Added was the fact that our police department, a civil department that was rightly under the Home Ministry, had been brought under different ministries since 1977 as Internal Affairs, Law and Order and most ridiculously under the MoD. This was justified with armed rebellions and insurgency both in Sinhala and Tamil societies. Law enforcement under Emergency Regulations by the police for the longest duration first began in 1971 with the JVP insurrection. Since then continuous and unchecked rule under emergency regulation had allowed all recruits to the police department to think, work and use emergency regulations as just day to day regulations that can be beaten and rolled into any shape they wish to have. That was one large canvass to cover up impunity.

By the time Mahinda Rajapaksa entered as Executive President in November 2005, this system with impunity well entrenched wasn’t ever questioned for over 28 long years. Rajapaksa’s political campaign to end the “separatist” Thamil Eelam war from around 2006 that got off the hook with the Mavil-aru debacle in July-August 2006 doubling into a massacre of aid workers in Muttur, allowed for a very strong Sinhala social ideology. This gave impunity a license to crawl all over society at will and by the time the war was declared victoriously concluded, State security forces, very much the military had also entered the picture big time. Impunity thus became another word for “patriotism” with Sinhala “war heroes”. The military thus became a strong politico military factor in governance that decided how far war related investigations can be allowed. Where investigations were given space due to international and regional pressures and commitments, the military intelligence was reported to have visited many victims and witnesses in the Vanni and the North.

Impunity allowed and nurtured by political regimes for over 37 years, law enforcement agencies enjoying that unquestioned freedom in their own way, the military is still a spoilt child under this new government that Biswal was happy ignoring when she said, “We have seen not only this enduring commitment to democracy, but also just a tremendous momentum of progress toward institutions of good governance, toward combating corruption and toward promoting reconciliation”. The military still decides what land how much to give up for the displaced in the North with Sirisena never failing to stress on “national security” and “our war heroes” whom he says would never be allowed to be investigated into.

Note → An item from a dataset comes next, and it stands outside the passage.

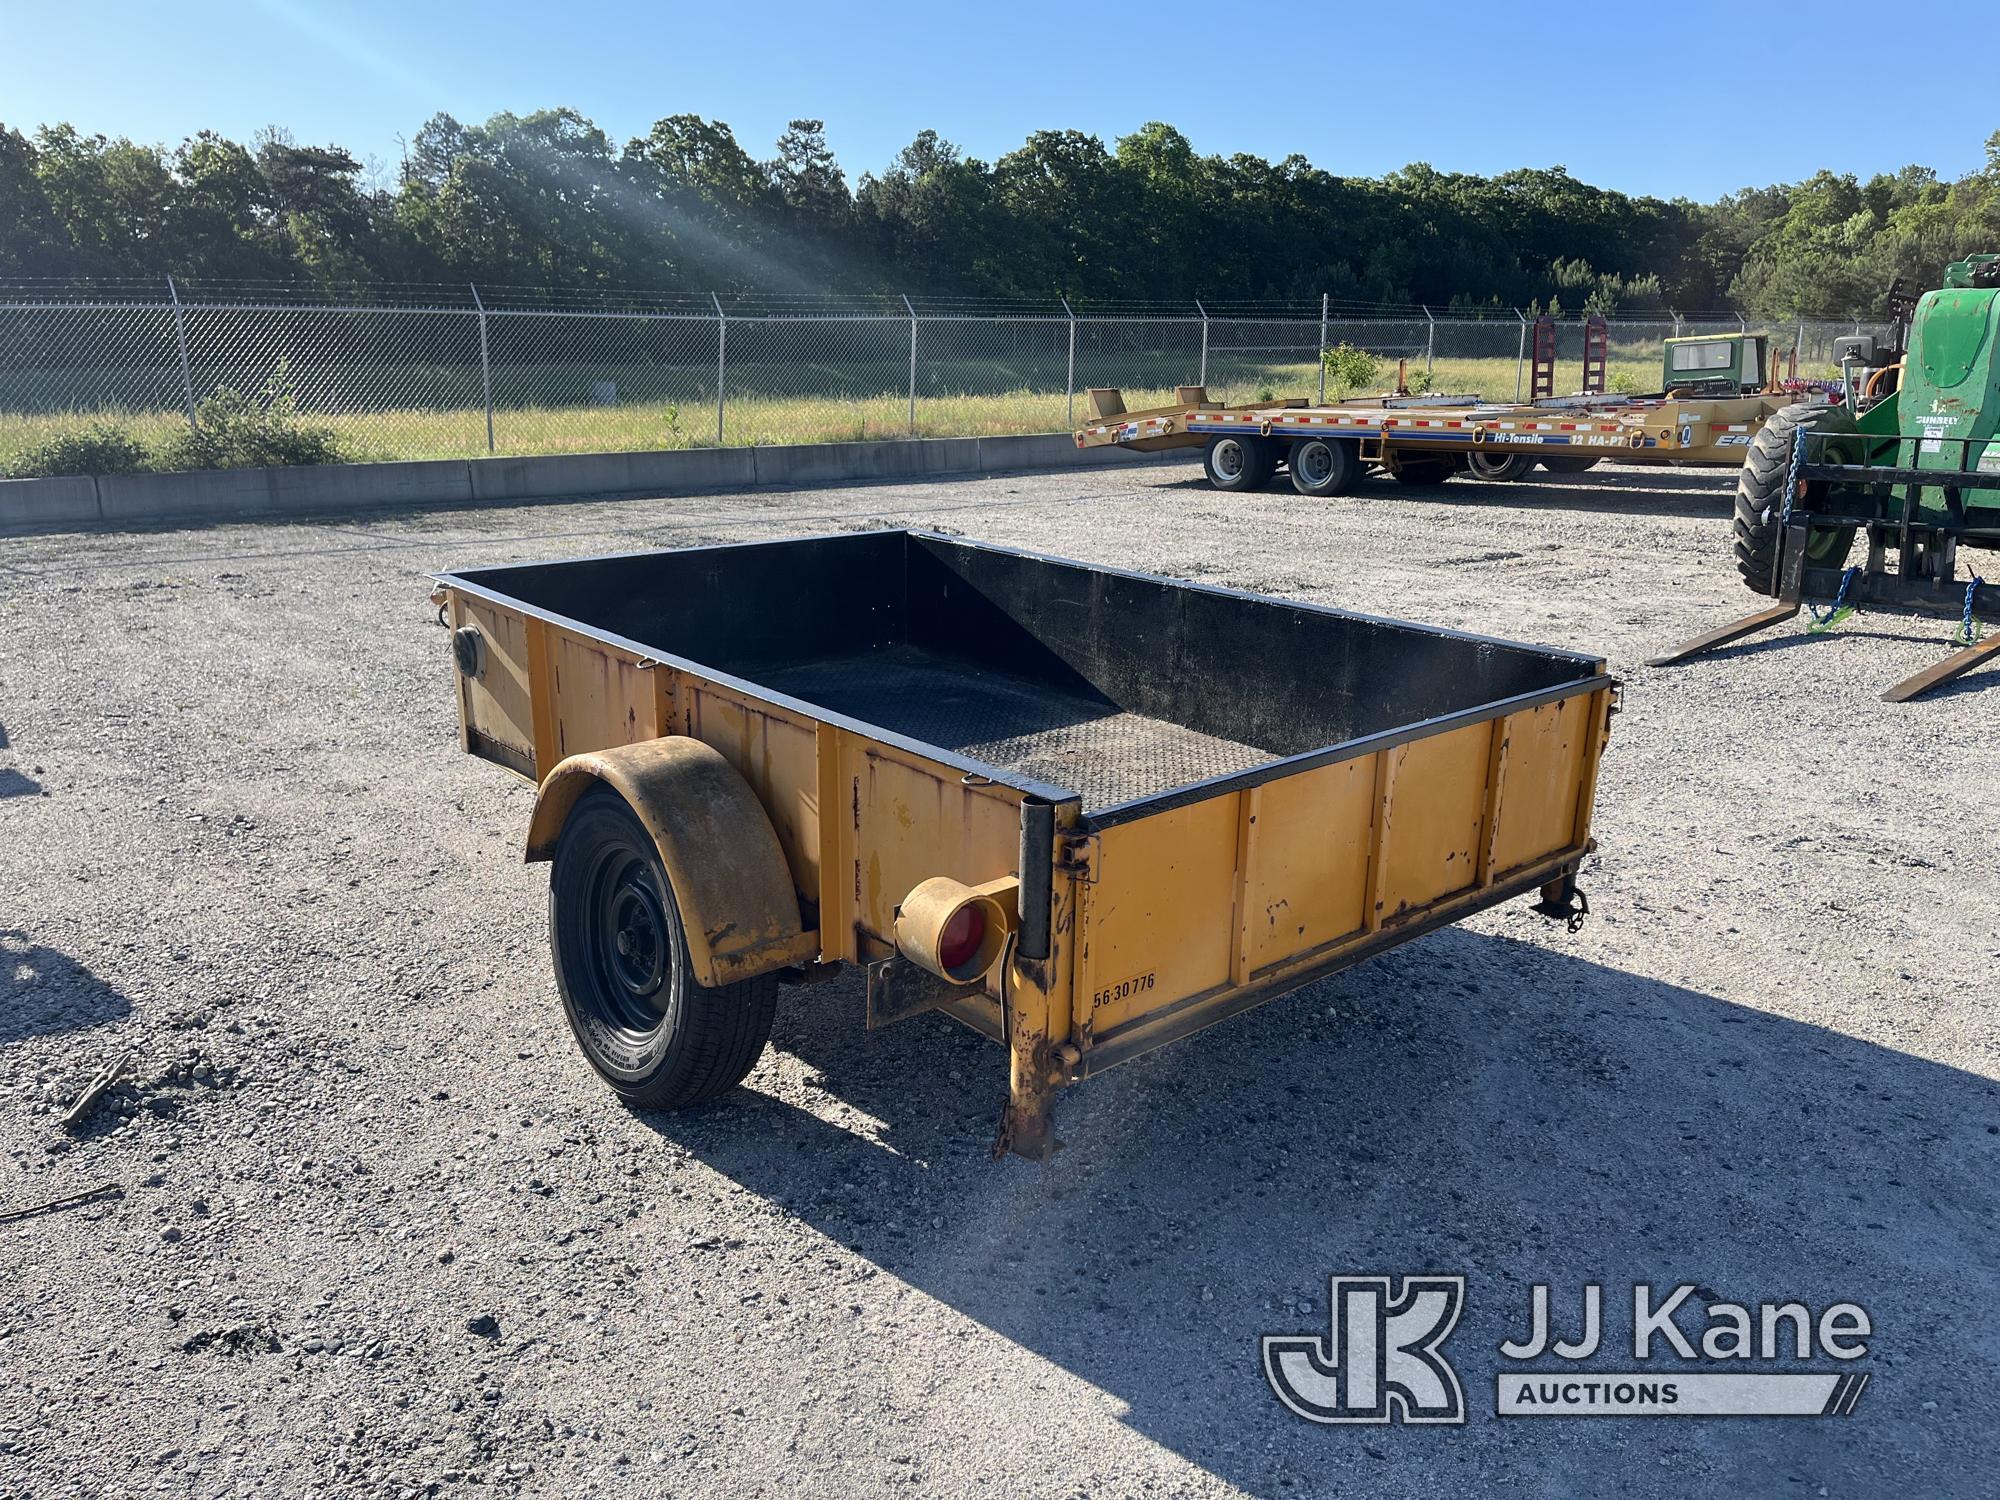 (Chester, VA) 1988 Utility Trailer Manufacturing Co. S/A Material Trailer Bent Axle

Thus the ideology that allows impunity to be “patriotic” will remain a dominant factor in Sinhala society. It is Sinhala politics that decides how fair and decently the Tamil society should be treated with. The only reason why all mainstream Southern political parties now pledge an uncompromised “Unitary” State and why PM Wickramsinghe is talking of a politically centralized society with “district committees” given ministerial status and a bigger largesse of State funds for “development”.

Unless this Sinhala supremacist mind set is challenged politically and the society is systematically and effectively de-militarised, there will be no space for “victim and witness protection” despite laws enacted. And there is no other way too to  provide “victim and witness protection”. Often in societies like ours, it is not absence of laws that really matter. It’s the lack or inability to enforce that matter most. That in turn closes any possibility of having an independent and impartial “domestic mechanism” despite rhetoric growing around it.